A total of 70 grafts of 3- and 4-day isolated ectoderm was made without encountering any instances of cartilage differentiating due to accidental inclusion of mesenchyme. The incidence of distinguishable ectodermal derivatives in these isolated ectoderm grafts was 30 –40 %, being higher with older material. Ectoderm usually differentiated as keratinized epithelial vesicles. In a few instances, combined ectodermal/mesodermal structures such as feathers were found in grafts of 2-day somites with 3- or 4-day ectoderm, but even in these grafts ectoderm normally differentiated as keratinized vesicles.

The incidence of ectodermal differentiation reported here is probably an underestimate, as only large ectodermal formations could be distinguished from the keratinized epithelial ‘pearls’ that arise as non-specific manifestations of chorioallantoic epithelial metaplasia (Moscona, 1959).

Somites plus heterologous tissues

A total of 164 grafts of stage 9 –12 posterior somites in groups of four were made in association with a variety of heterologous tissues. The tissues tested included 3-day optic vesicle, 3-day otic vesicle, 4-day myocardium, 4-day mesonephros, 9-day heart ventricle, 9-day liver, 9-day intestine, 9-day choroid plexus, 9-day forebrain, 9-day spinal cord and polyoma transformed fibroblasts.

In all cases considerable growth and differentiation of these tissues took place in the grafts, but in no case did cartilage differentiate from the somites. The viability of the grafted 2-day tissues was demonstrated by the presence of nephric tubules in 10% of the grafts.

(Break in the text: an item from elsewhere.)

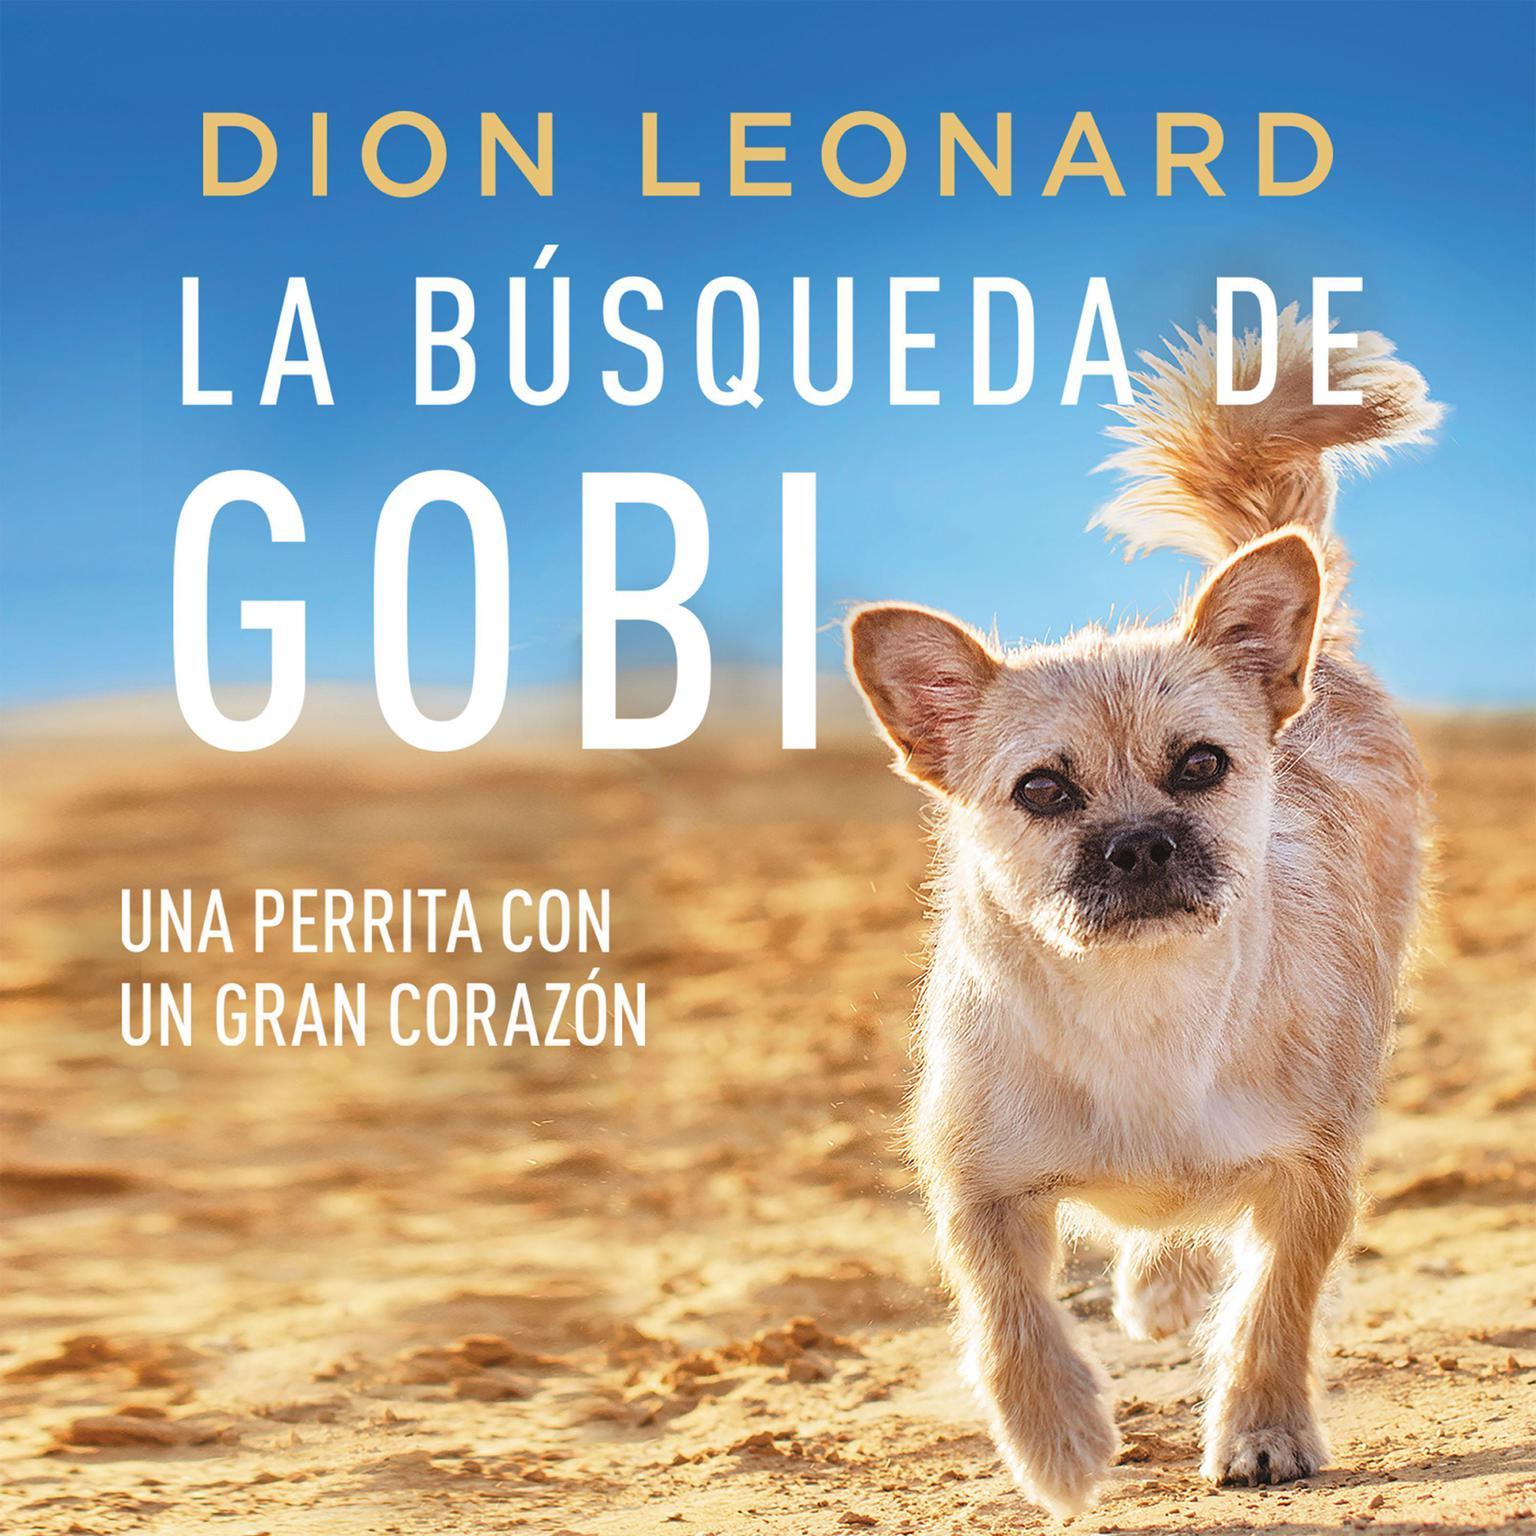 Printable La búsqueda de Gobi: Una perrita con un gran corazón (Una maravillosa historia real) Audiobook Cover Art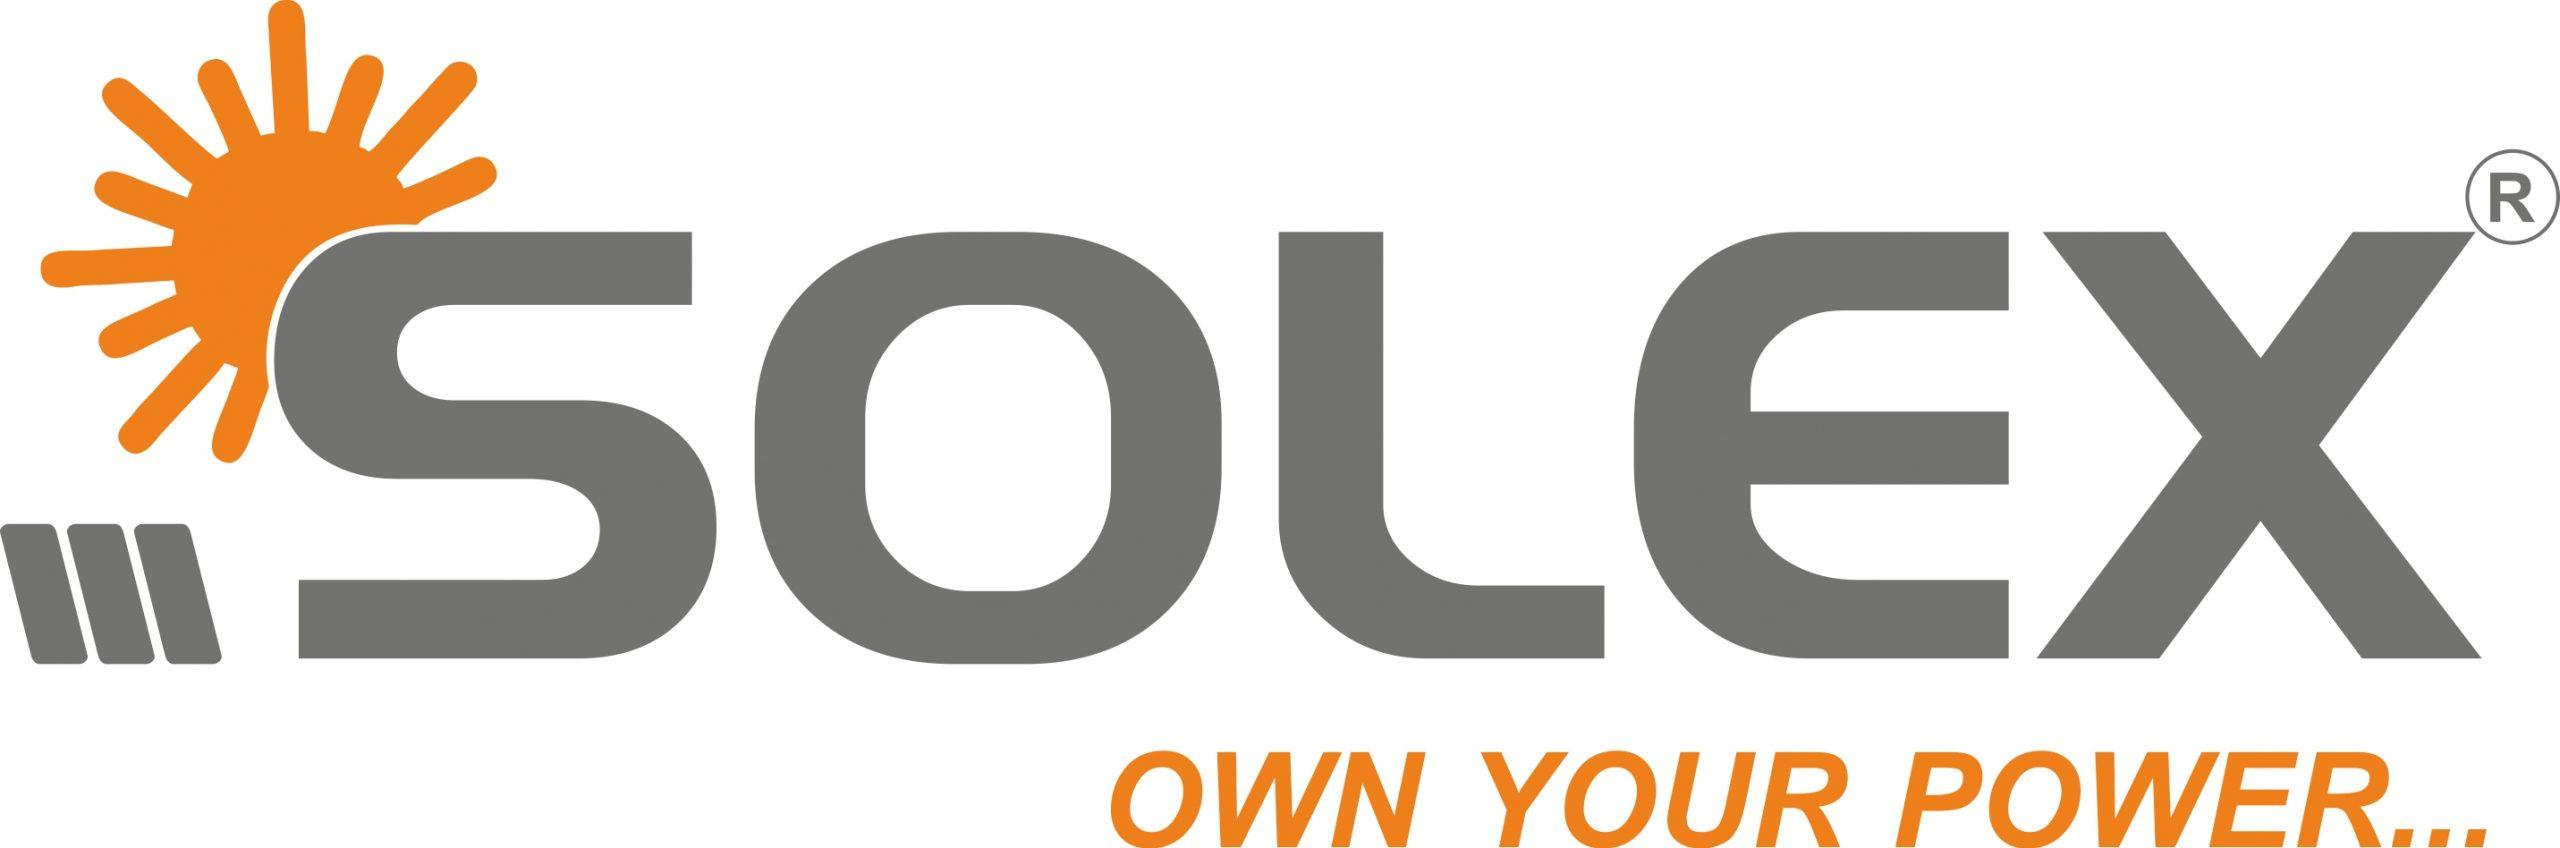 Solex Energy Ltd is the 2nd most trustworthy Solar EPC Company

The results presented here show that the adjacent ectoderm and endoderm is capable of promoting somite chondrogenesis. This is in agreement with the results of Seno & Büyüközer (1958), and contrasts with the failure of somites to undergo chondrogenesis when cultured in vitro with ectoderm (Stockdale et al. 1961 ; Lash, 1963). The possibility that the cartilage arising in grafts of somites plus ectoderm and endoderm is of extra-somitic origin, as suggested by Stockdale et al. (1961), would seem most unlikely in the present study. There is no association whatever between the incidence of nephric tubules and of cartilage in the same grafts. Such an association would be expected if the cartilage arose from accidentally included lateral mesoderm adjacent to the nephrotome.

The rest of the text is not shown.